Когда птиц в клетках больше не стало, Лех начал бродить по округе засунув под куртку бутылку водки. Иногда я прогуливался неподалеку, посматривая, чтобы ничего не случилось с ним на болотах, и слышал, как он пел. Полный тоски грудной мужской голос поднимался как густой зимний туман и разносил над трясиной печаль. Его песня взмывала в небо со стаями перелетных птиц и затихала в бескрайних лесах.
Крестьяне подшучивали над Лехом. Они говорили, что Дурочка Людмила очаровала его и зажгла огонь в его чреслах, огонь, который лишил его рассудка. Лех злился, сильно ругался и грозился наслать на болтунов птиц, которые выклюют им глаза. Он кричал, что это я своими цыганскими глазами отпугнул его женщину. Два дня он, как больной, пролежал неподвижно. Потом Лех поднялся, собрал рюкзак и, прихватив буханку хлеба, ушел в лес приказав мне в его отсутствие ловить птиц.
Прошли недели. В ловушки все чаще попадались лишь плавающие в воздухе тонкие паутинки. Улетели аисты и ласточки. Лес пустел, становилось больше только змей и ящериц. Пойманные мною птицы нахохлились и затихли, их крылья потускнели.
Пришла плохая погода. Толстые лохматые тучи заслонили ослабевшее солнце. Ветер сек поля, прижимая к земле траву. Окруженные потемневшим от сырости жнивьем, прижавшиеся к земле хижины съежились от холода. Ветер безжалостно хлестал заросли мелколесья, где когда-то беззаботно резвились птицы, и гонял с места на место гнилую картофельную ботву.

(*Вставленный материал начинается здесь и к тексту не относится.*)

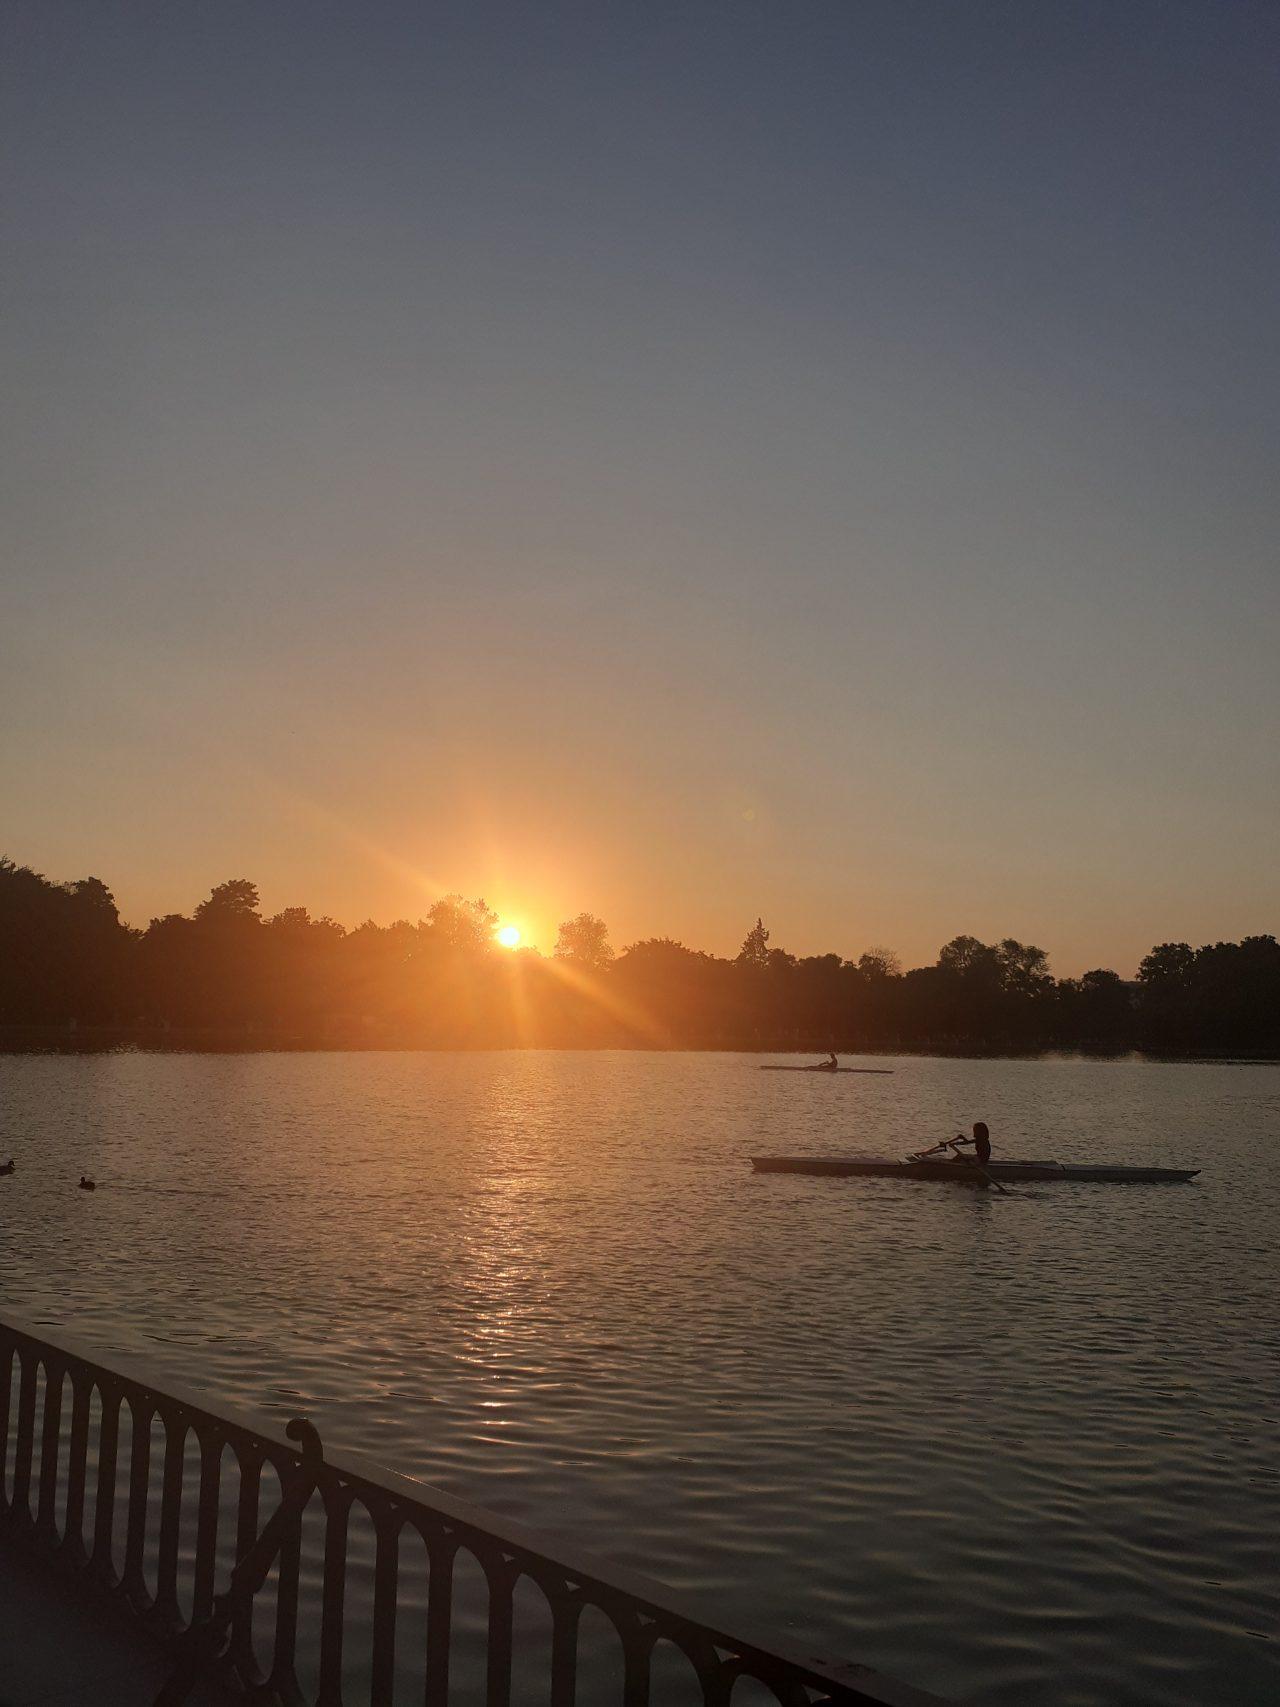 https://www.monicachacin.com/wp-content/uploads/2021/08/parque-del-retiro-madrid-estanque-barcas-remar-emprendedores-1280x1707.jpg

Неожиданно пришла Дурочка Людмила со своим огромным псом на веревке. Она странно вела себя. Людмила спросила о Лехе и, когда я сказал, что много дней минуло, как он ушел, но где он я не знаю, она превозмогая себя захохотала и заметалась по лачуге. Она заметила старую кепку Леха, уткнулась в нее лицом и разрыдалась. Вдруг она швырнула кепку на пол и растоптала ее. Под кроватью она нашла бутылку самогона, осушила ее и, украдкой поглядев на меня, приказала идти вместе с ней на выгон. Я попытался сбежать, но она натравила на меня пса.
Выгон начинался сразу за кладбищем. Неподалеку несколько коров щипали траву, а выпасавшие их деревенские парни грелись у костра. Чтобы они нас не заметили, мы быстро прошли по кладбищу и перелезли через высокую стену. Здесь Дурочка Людмила привязала пса к дереву и, угрожая ремнем, заставила меня снять штаны. Потом, изогнувшись, она выскользнула из своего рубища и, нагая, прижала меня к себе.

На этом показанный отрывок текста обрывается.